Throughout most of the rest of the world Barak Obama has done many things from addressing the Arab-Israeli conflict in real terms to trying to mitigate the world-wide economic collapse created by American financial pirates. But his greatest achievement is neither his personal history, his understanding of Islam nor his skin color. President Obama has done enormous service to world peace simply by not being George W. Bush or, in fact, any other Republican. Just not being a representative of American fascism is to be worthy of the prize in the eyes of those beyond our borders.


And, I believe, the committee that chose him as the 2009 recipient of the Nobel Peace Prize also had in mind another factor that may have moved them to significant haste. You see the Nobel Committee awards the prizes to living persons. I suspect that committee members may have worried that their time might be short.
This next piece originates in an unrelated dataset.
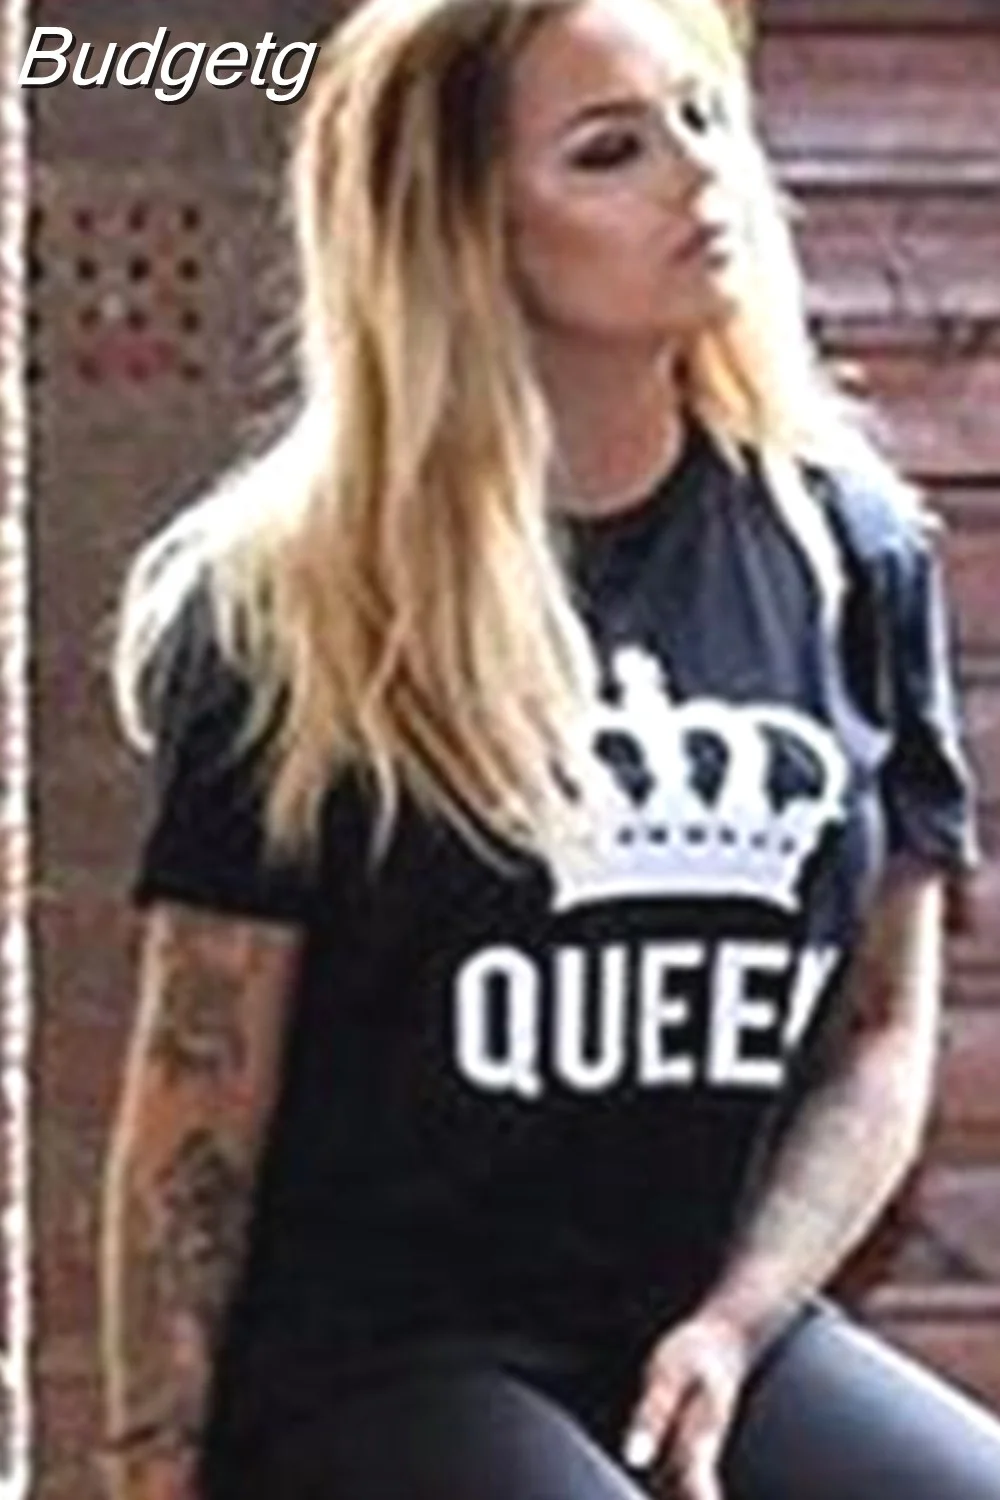 Budgetg NEW Funny KING QUEEN Letter Printed Black Tshirts OMSJ Summer Casual Cotton Short Sleeve Tees Tops Brand Loose Couple Tops
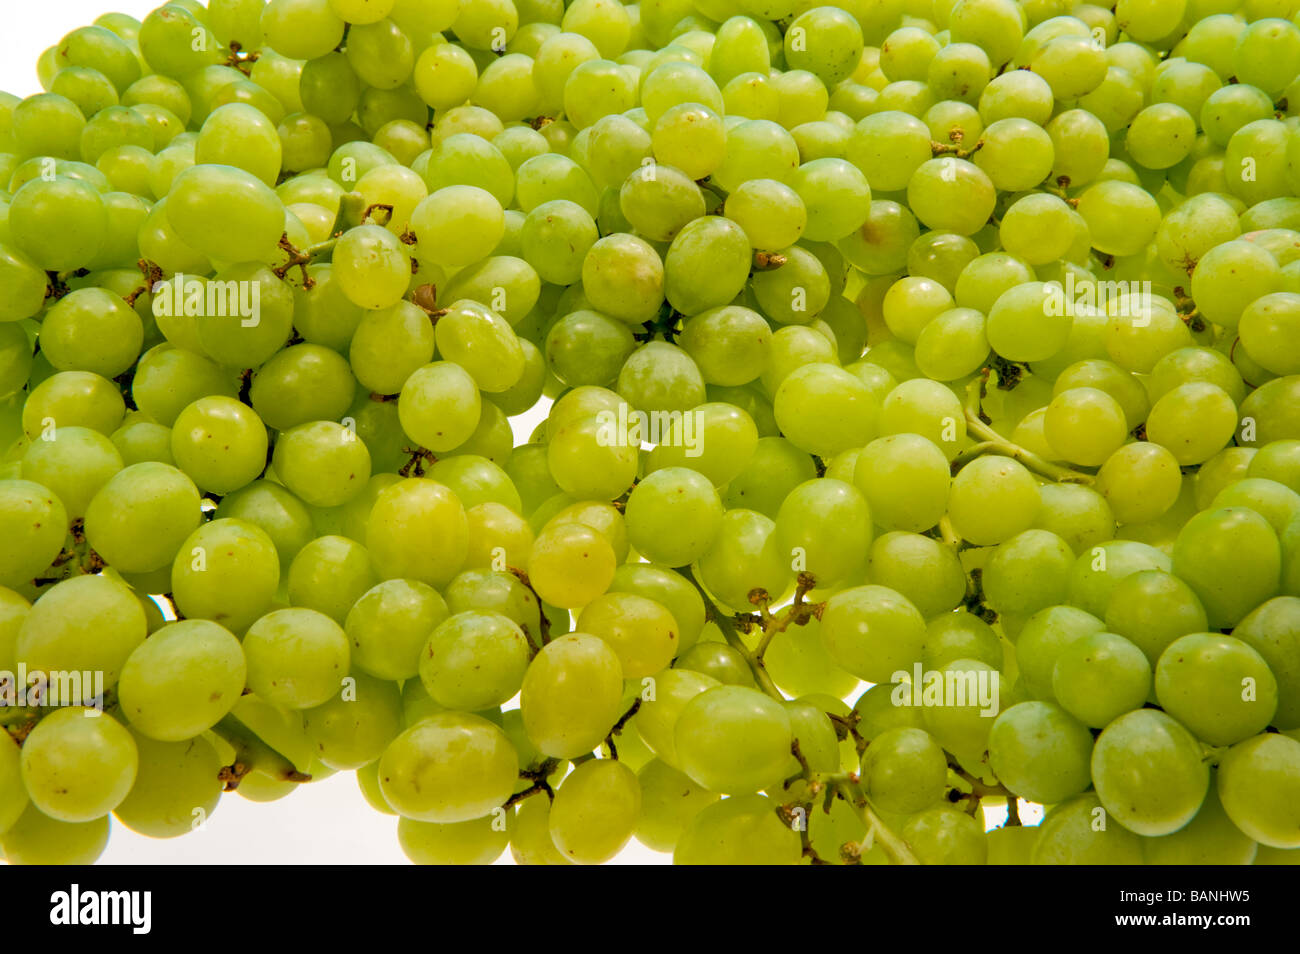 quality seedless table grape food fruit tasty taste healthy health green yellow sweet fresh part of a balanced diet 5 a day  stu Stock Photo

America’s reputation for violence and insanity, its racism, its senseless fetishizing of guns and its history of turning character assassination into actual assassination may have influenced the award while the committee had the chance.


The Nobel Committee, I’m sure, wishes President Obama well and long life just as I do. Yet I cannot but think that some members saw the news footage of neo-fascist lunatics bringing pistols and assault rifles to presidential appearances and thought those pictures a prelude to their worst fears for the President.


So I have to conclude that the award of the 2009 Nobel Peace Prize to President Obama was both earned and timely. Earned by the simple fact of his presidency making the world a less dangerous place and timely because we do not know when the next Timothy McVeigh, Byron de la Beckwith or Eric Robert Rudolph incited by a Rush Limbaugh, James Dobson, Fred Phelps or Glenn Beck will target this good man.


If those considerations entered into the prize committee’s deliberations I am as ashamed for my country as I am proud for President Obama. I am glad he’s been awarded this honor. After eight years of wishing that my president could live up to even the lowest aspirations of my country I find myself in the position of hoping that my country will rise to the least of President Obama’s expectations for it. However, since this award, we seem to have been bent on demonstrating that Americans generally stand shoulder to shoelace with the president.